▶ [WHAT THE EXERCISE ASKS]: Everything in the listing except the pictures should be written out exactly.

▶ [DATASET CONTENT]:
<<<<

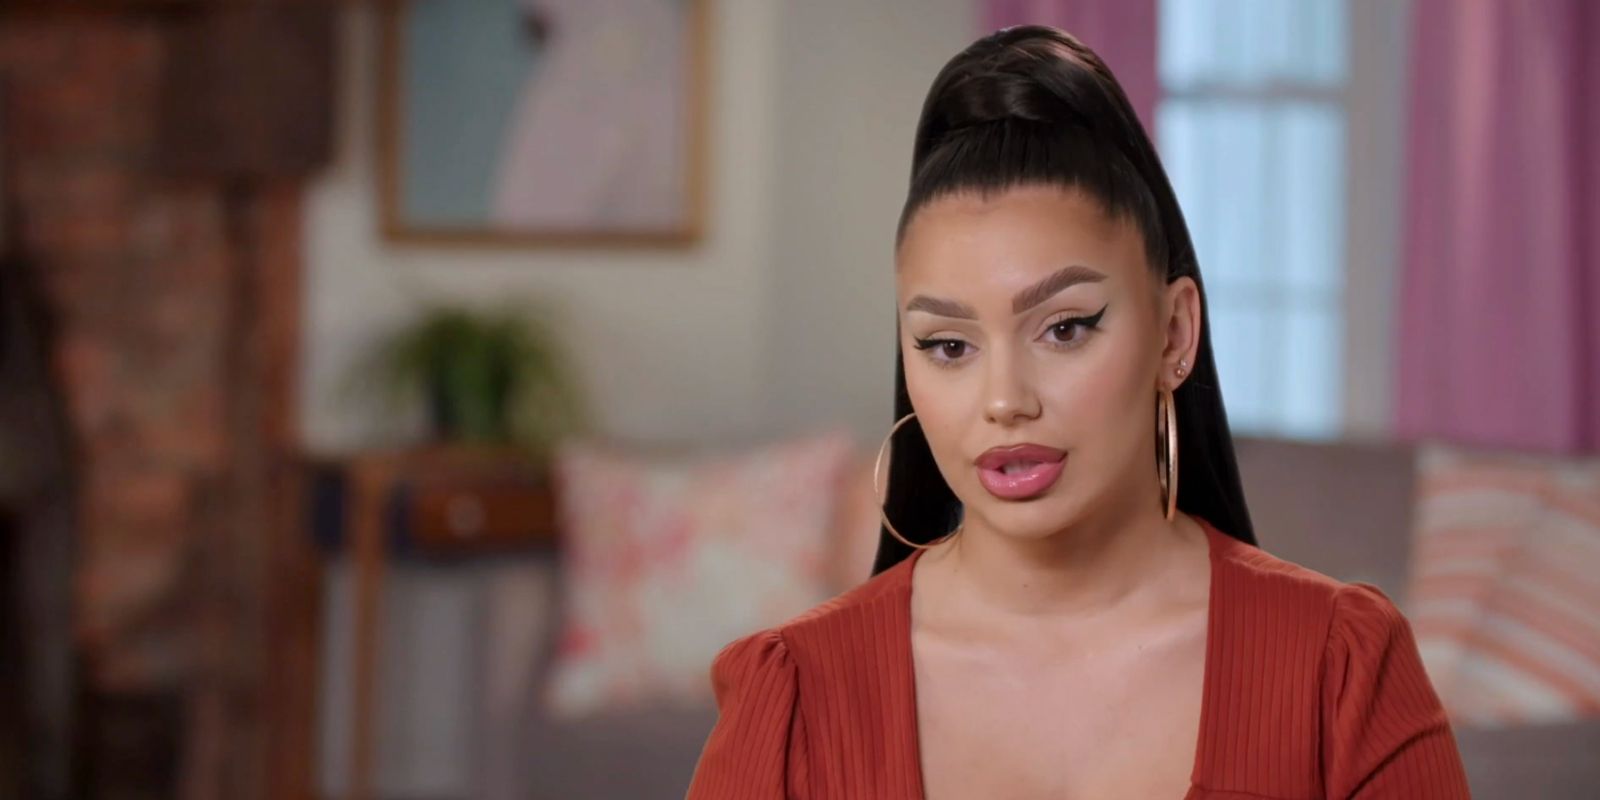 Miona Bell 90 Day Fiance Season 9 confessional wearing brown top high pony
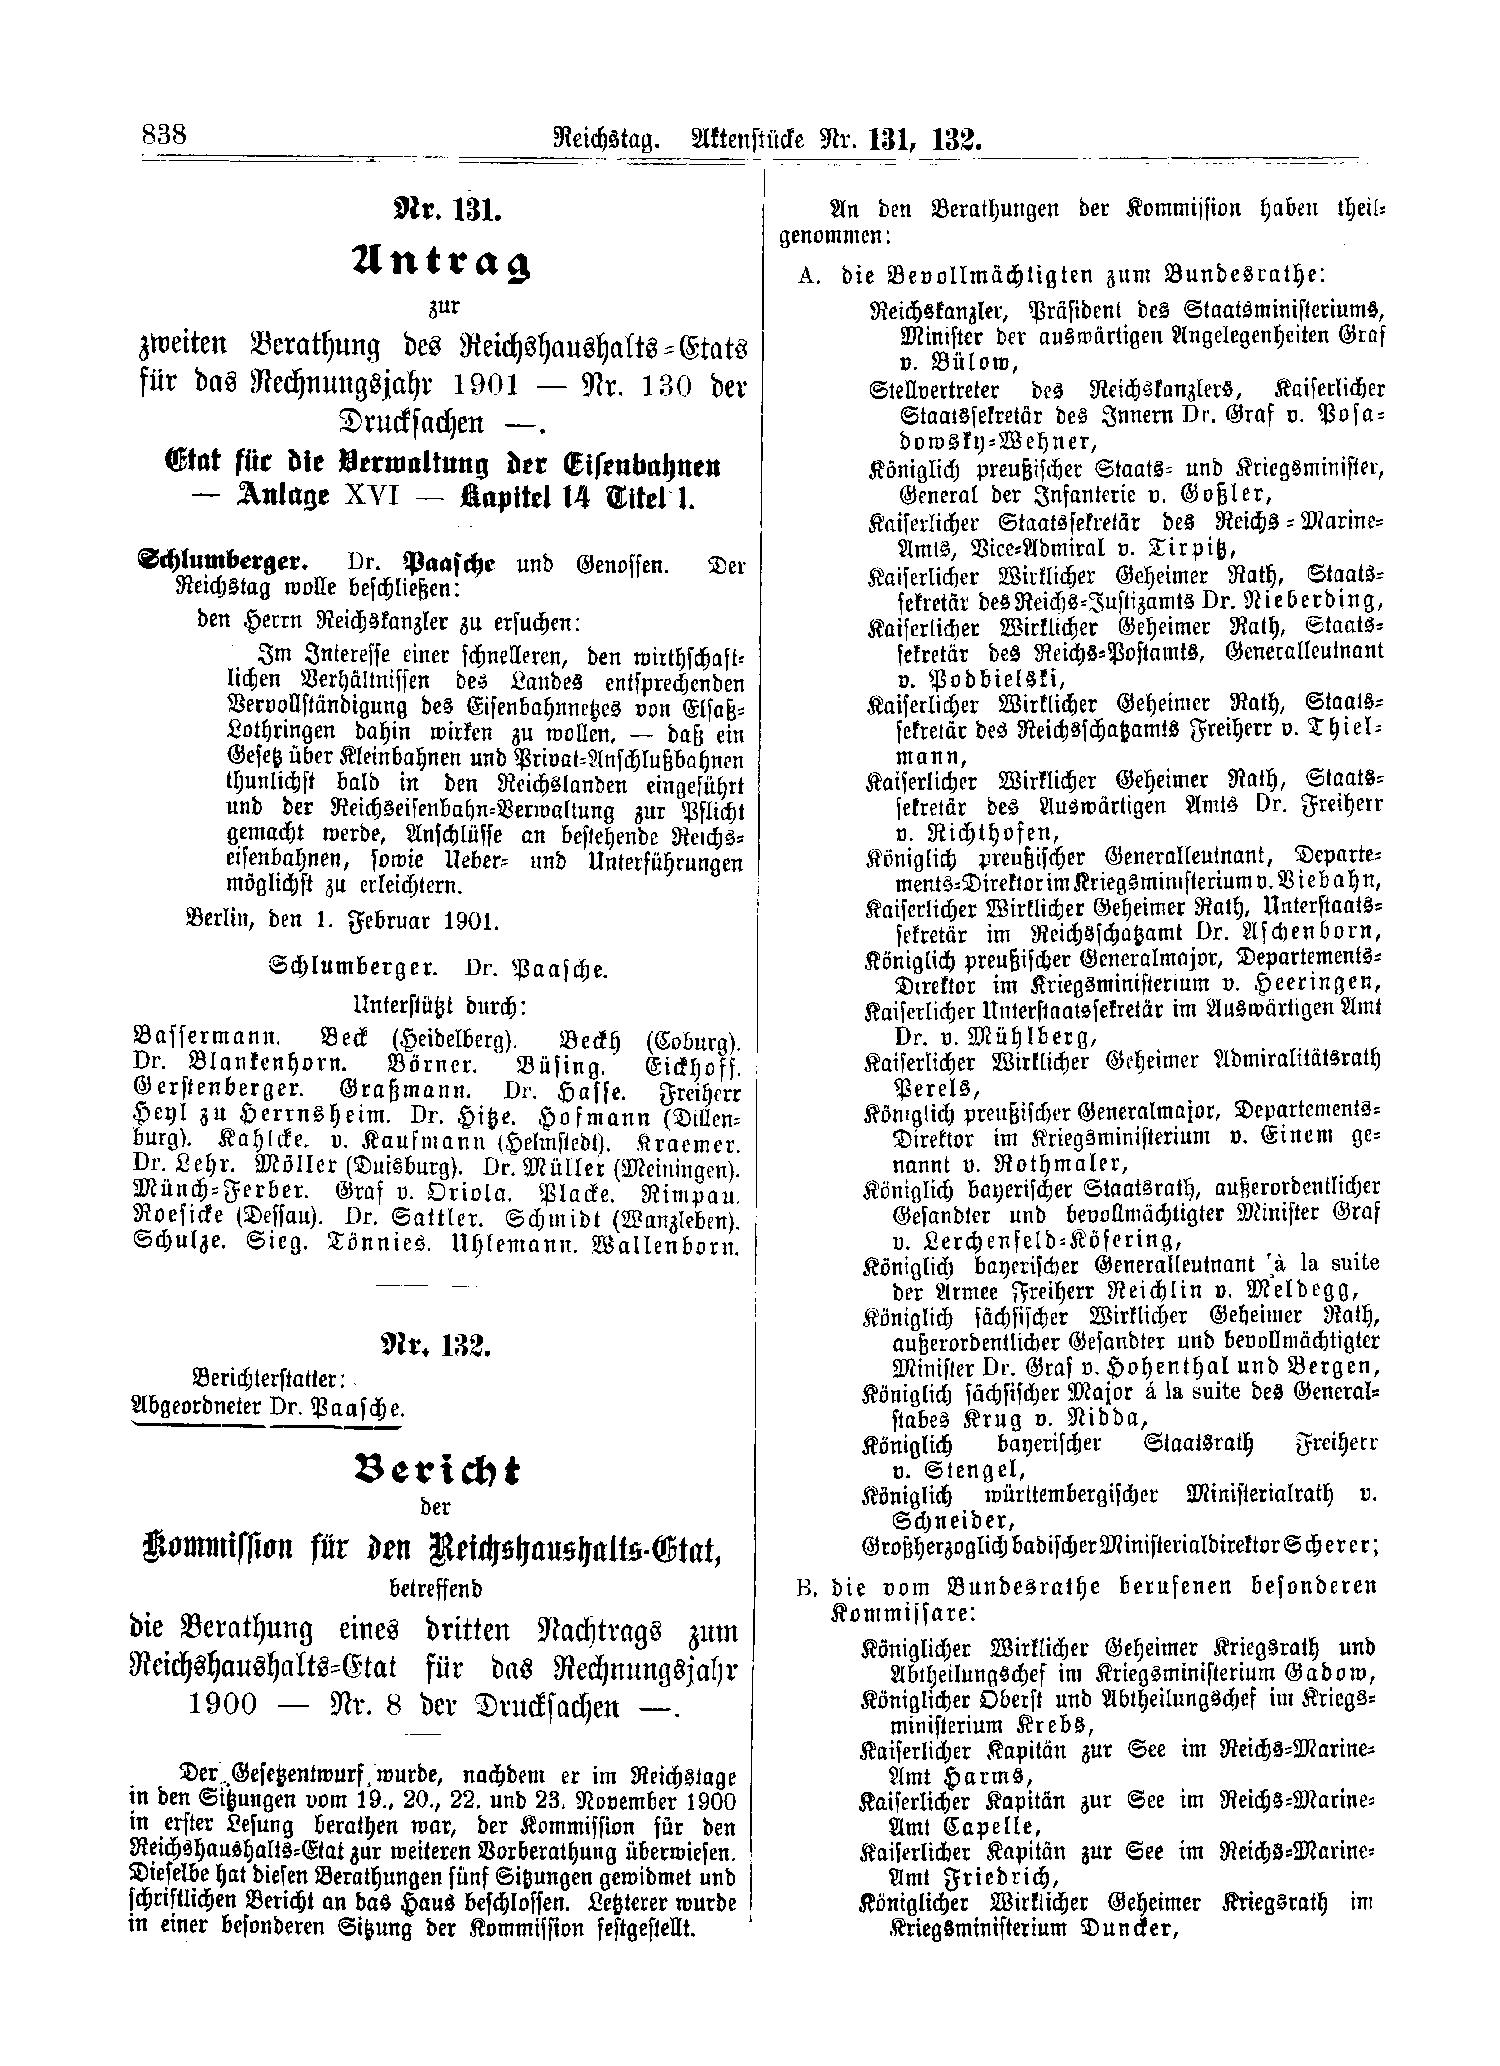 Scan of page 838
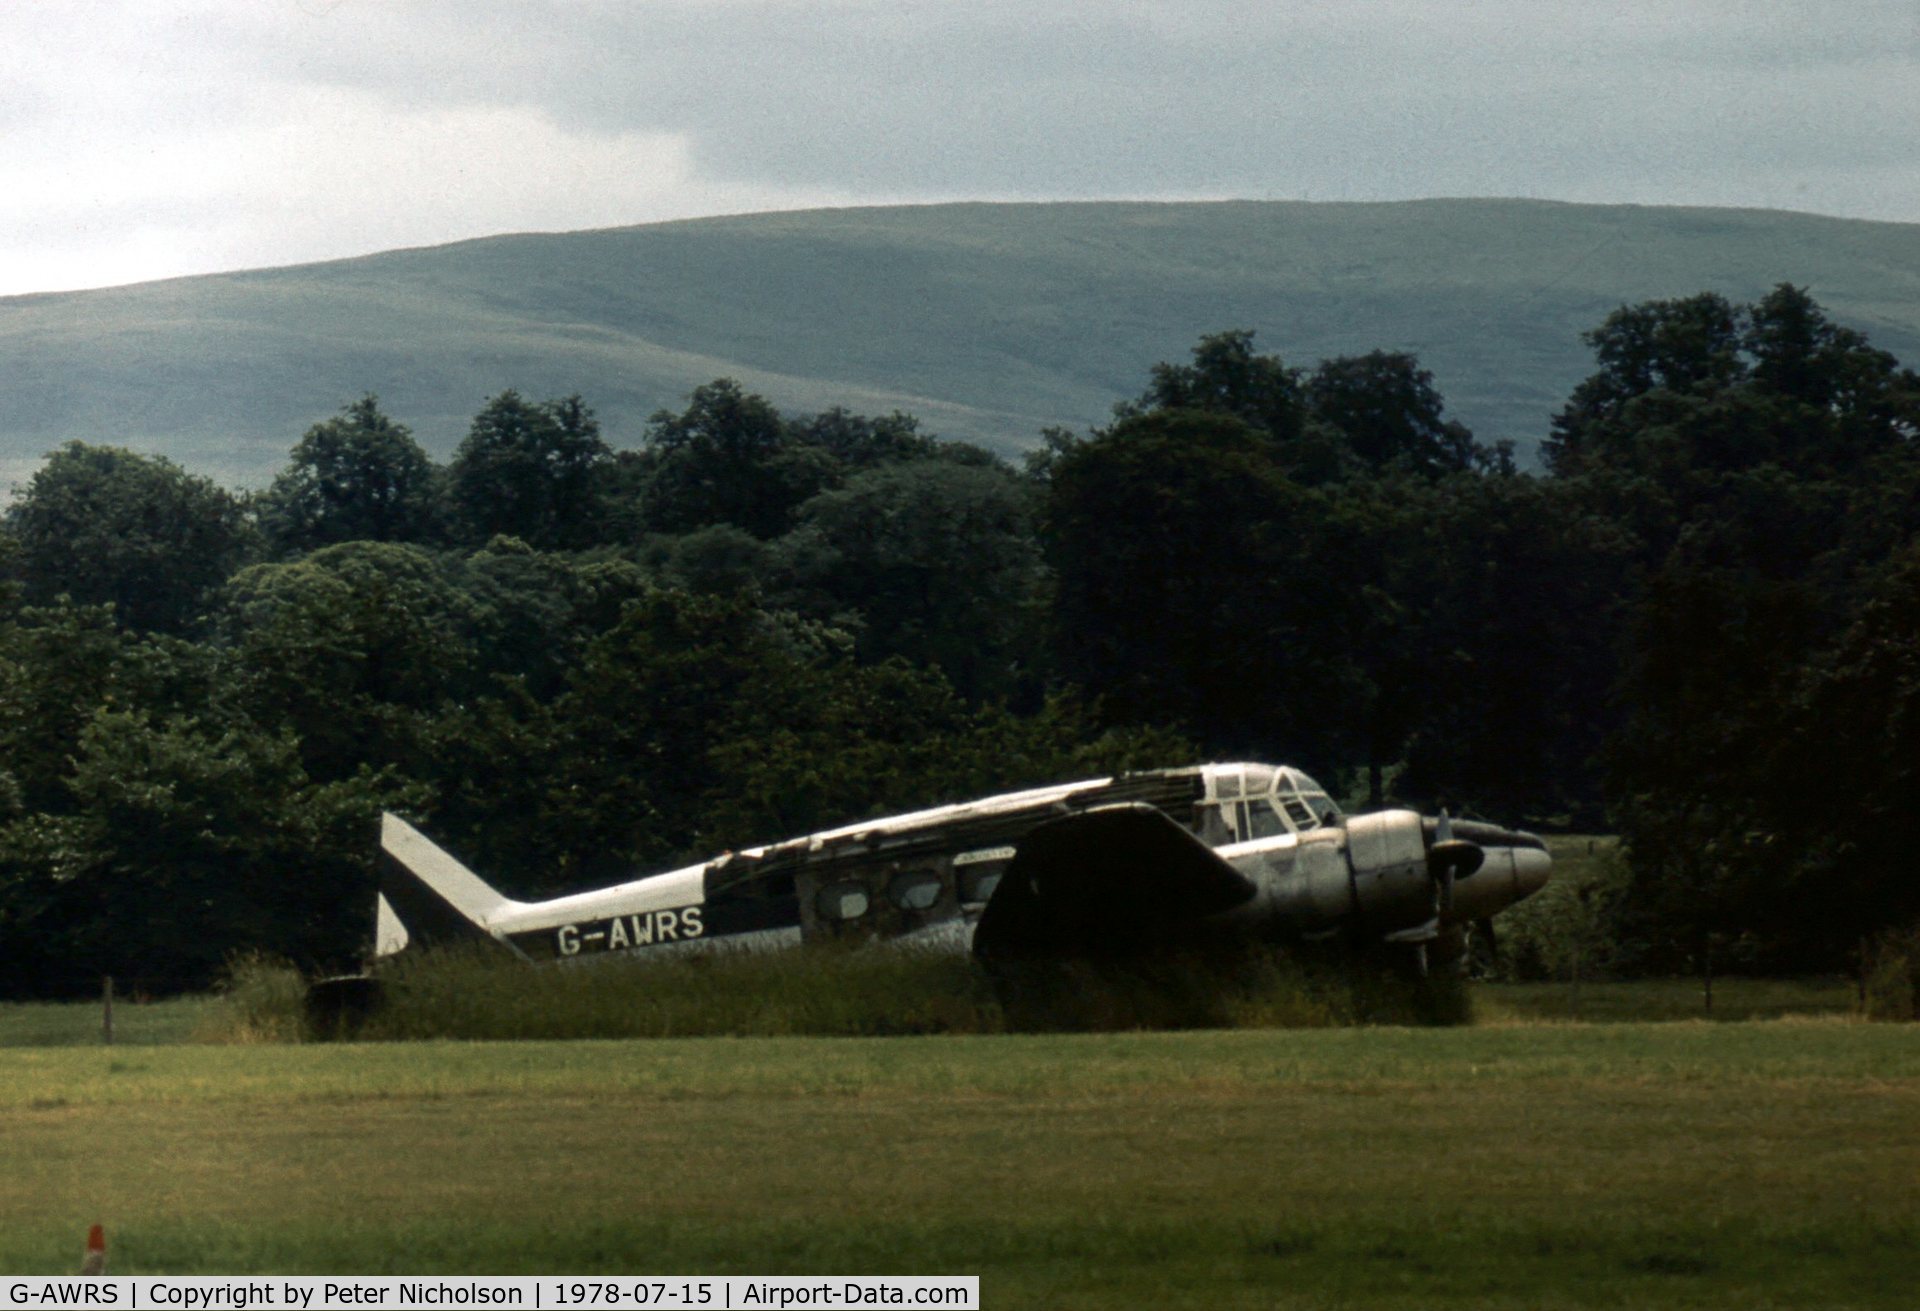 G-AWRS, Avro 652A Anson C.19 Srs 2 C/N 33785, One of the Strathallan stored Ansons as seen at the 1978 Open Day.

>>>>

▶ [SOLUTION TO THIS PROBLEM]:
 Miona Bell 90 Day Fiance Season 9 confessional wearing brown top high pony
 Scan of page 838
 G-AWRS, Avro 652A Anson C.19 Srs 2 C/N 33785, One of the Strathallan stored Ansons as seen at the 1978 Open Day.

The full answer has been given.